According to the demographic characteristics of studied populations, 73 (71.5%) of investigated cases were Iranian and the remaining 29 (28.4%) cases were immigrants [Table/Fig-1]. Patients in the group aged > 60yr had the highest number of cases, followed by those aged 15-30yr. In the terms of gender, 51.7% of immigrants were female and 48.2% were males; while in Iranian patients 32.8% were females and 67.1% were males [Table/Fig-1].

As shown in [Table/Fig-2], all clinical isolates of MTB were successfully fingerprinted by 15-locus MIRU-VNTR and spoligotyping. Using spoligotyping, 35 different spoligotypes and 3 orphan patterns (4.10%) were detected among the studied isolates. Seventy seven cases (75.4%) were distributed into 10 clusters and the remaining 25 (24.5%) isolates had a unique pattern. Five clusters belonged to the Iranian cases only. Furthermore, of the 78 clustered isolates, 19 (24.35%) belonged to the immigrants and 59 (75.64%) were Iranians. The cluster sizes also ranged from 2 to 21 isolates. Additionally, the most frequent spoligotype in our populations belong to Haarlem (n=30, 29.4%) followed by CAS (n= 29, 28.4%) and Beijing (n=16, 15.6%) lineages [Table/Fig-2].

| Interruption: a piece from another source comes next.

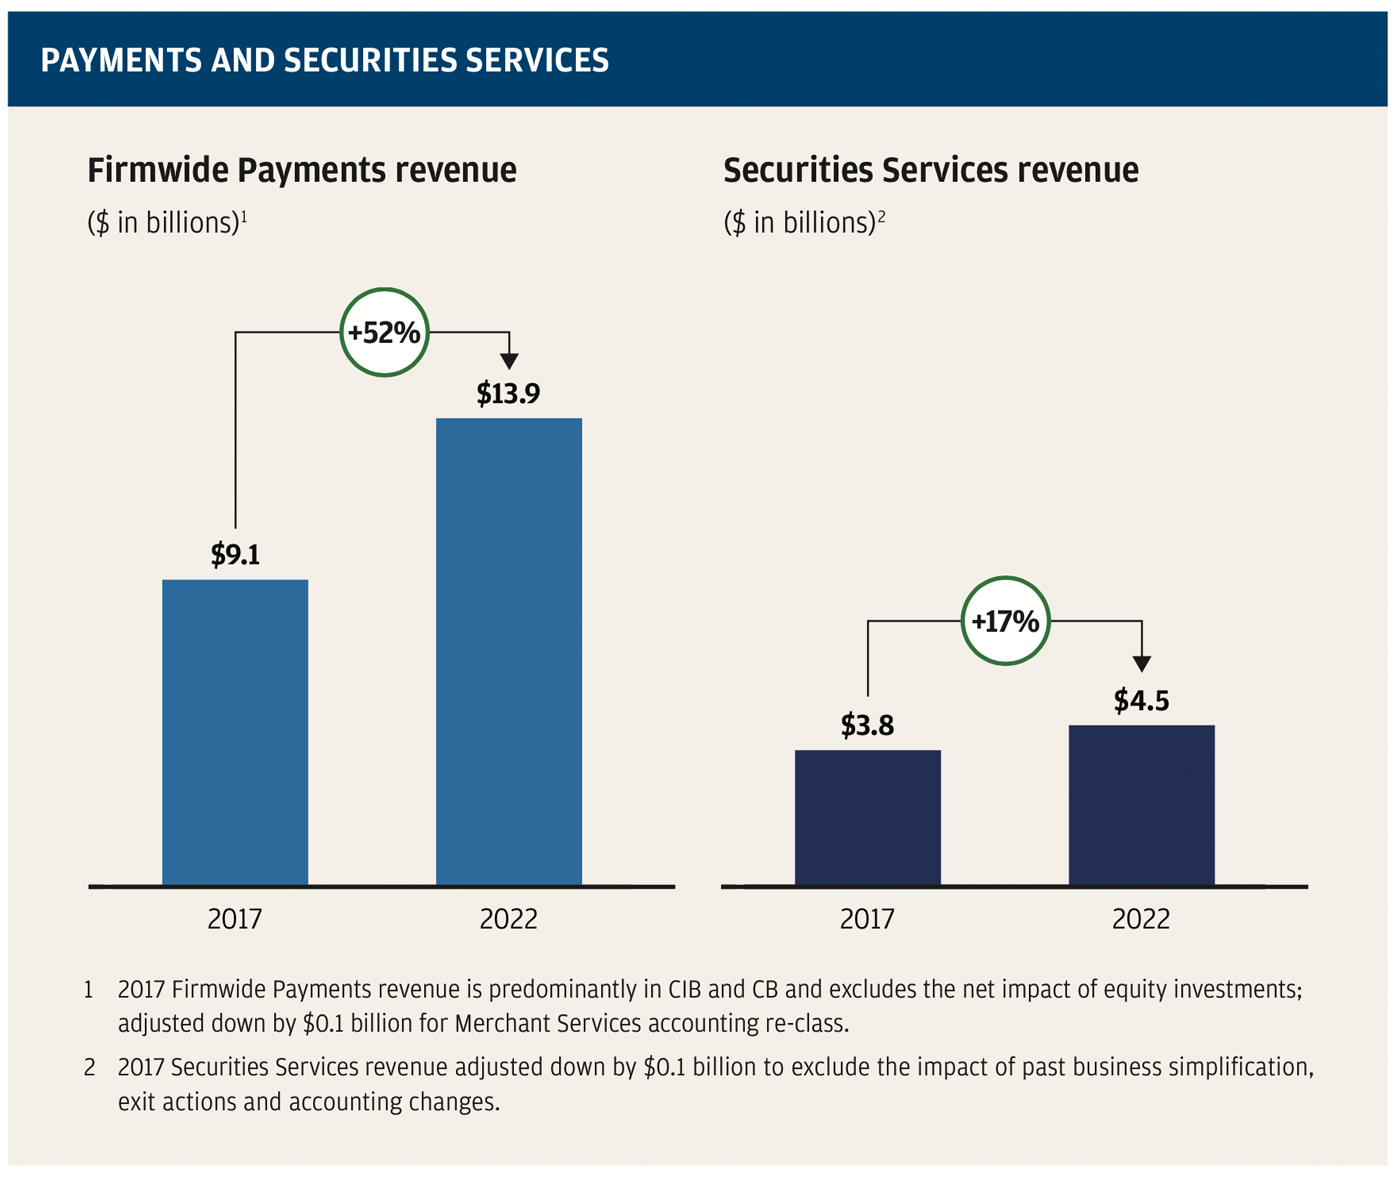 Firmwide Payments and Securities Services revenue

By 15-loci MIRU-VNTR genotyping, closely related patterns were observed between MTB strains. Moreover, a comparison of the MIRU patterns obtained with the international MIRU-VNTR plus database (http://www.miru-vntrplus.org) showed that none of the strains out of the 186 present in this database matched our patterns. The discriminatory power of MIRU-VNTR typing for all isolates was approximately high (HGDI=0.60). Based on the discriminatory index, all MIRU loci were designated as highly discriminative ( h > 0.6) except MIRU04.

Cluster-graph analysis and MST was performed by Spoltools and MIRU-VNTRplus sites, respectively.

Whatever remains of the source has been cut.